[Activity]: Filter the listing below, keeping only the lines with the word "Image".
┄┄┄┄┄┄
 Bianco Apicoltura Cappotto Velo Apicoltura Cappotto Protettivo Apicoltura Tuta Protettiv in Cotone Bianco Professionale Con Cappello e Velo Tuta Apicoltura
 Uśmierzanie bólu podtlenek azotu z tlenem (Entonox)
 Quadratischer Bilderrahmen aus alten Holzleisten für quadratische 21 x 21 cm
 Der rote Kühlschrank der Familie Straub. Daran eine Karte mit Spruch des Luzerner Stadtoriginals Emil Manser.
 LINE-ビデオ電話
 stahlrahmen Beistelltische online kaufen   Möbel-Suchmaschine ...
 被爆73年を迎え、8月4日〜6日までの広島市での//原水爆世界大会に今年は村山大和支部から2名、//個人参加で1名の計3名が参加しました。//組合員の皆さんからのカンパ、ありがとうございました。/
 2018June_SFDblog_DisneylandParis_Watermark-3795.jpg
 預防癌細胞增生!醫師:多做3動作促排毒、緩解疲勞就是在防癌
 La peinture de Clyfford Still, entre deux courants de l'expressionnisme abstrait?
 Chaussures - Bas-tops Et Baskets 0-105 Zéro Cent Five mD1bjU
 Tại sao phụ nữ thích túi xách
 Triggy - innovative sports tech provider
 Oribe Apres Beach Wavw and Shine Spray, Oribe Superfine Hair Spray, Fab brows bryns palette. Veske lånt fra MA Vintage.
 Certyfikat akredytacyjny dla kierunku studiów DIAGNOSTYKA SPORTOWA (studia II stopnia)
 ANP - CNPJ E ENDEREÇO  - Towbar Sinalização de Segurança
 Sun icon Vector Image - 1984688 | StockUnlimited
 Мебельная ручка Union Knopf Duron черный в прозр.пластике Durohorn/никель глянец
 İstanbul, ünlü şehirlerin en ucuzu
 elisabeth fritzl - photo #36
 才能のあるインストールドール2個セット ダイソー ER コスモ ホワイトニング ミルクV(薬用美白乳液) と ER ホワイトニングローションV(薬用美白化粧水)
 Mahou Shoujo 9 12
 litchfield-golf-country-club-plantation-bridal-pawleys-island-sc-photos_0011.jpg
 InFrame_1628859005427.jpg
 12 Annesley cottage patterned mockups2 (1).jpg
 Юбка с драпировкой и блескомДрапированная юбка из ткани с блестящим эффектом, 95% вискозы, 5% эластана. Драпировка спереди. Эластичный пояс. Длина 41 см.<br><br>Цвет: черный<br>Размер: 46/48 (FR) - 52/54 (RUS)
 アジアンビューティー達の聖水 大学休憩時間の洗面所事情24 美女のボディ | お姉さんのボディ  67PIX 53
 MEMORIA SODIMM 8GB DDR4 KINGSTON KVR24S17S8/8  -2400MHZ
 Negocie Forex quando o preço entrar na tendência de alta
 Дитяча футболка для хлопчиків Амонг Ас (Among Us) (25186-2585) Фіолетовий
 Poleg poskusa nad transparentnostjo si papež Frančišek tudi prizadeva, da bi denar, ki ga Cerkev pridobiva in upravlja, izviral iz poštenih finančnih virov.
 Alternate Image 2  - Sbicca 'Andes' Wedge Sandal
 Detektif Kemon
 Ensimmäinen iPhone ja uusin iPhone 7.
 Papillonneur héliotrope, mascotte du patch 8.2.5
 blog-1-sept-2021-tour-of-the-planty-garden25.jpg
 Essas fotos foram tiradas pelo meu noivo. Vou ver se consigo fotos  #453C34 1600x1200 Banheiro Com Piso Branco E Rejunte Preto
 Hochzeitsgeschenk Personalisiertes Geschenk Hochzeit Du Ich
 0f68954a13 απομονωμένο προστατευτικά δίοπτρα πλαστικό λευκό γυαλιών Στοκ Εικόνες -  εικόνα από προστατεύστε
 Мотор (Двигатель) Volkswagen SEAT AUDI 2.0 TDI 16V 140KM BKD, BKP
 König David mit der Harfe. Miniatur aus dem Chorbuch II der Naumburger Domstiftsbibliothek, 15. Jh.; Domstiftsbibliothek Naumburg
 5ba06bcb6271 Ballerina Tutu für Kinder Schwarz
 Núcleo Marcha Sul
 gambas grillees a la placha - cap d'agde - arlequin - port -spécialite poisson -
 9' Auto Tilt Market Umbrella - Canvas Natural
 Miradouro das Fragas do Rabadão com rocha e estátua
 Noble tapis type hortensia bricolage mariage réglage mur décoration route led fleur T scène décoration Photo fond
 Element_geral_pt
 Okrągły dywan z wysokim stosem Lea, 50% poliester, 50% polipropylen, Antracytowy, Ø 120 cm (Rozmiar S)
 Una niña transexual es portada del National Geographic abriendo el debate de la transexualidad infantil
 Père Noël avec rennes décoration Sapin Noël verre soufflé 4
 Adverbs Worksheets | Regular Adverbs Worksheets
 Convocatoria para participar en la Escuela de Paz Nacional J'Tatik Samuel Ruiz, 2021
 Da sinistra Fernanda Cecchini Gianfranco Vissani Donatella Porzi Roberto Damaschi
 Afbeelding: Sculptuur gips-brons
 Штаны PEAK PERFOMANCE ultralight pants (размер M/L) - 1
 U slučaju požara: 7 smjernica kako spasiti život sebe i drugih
┄┄┄┄┄┄
[Response]:
 Sun icon Vector Image - 1984688 | StockUnlimited
 Alternate Image 2  - Sbicca 'Andes' Wedge Sandal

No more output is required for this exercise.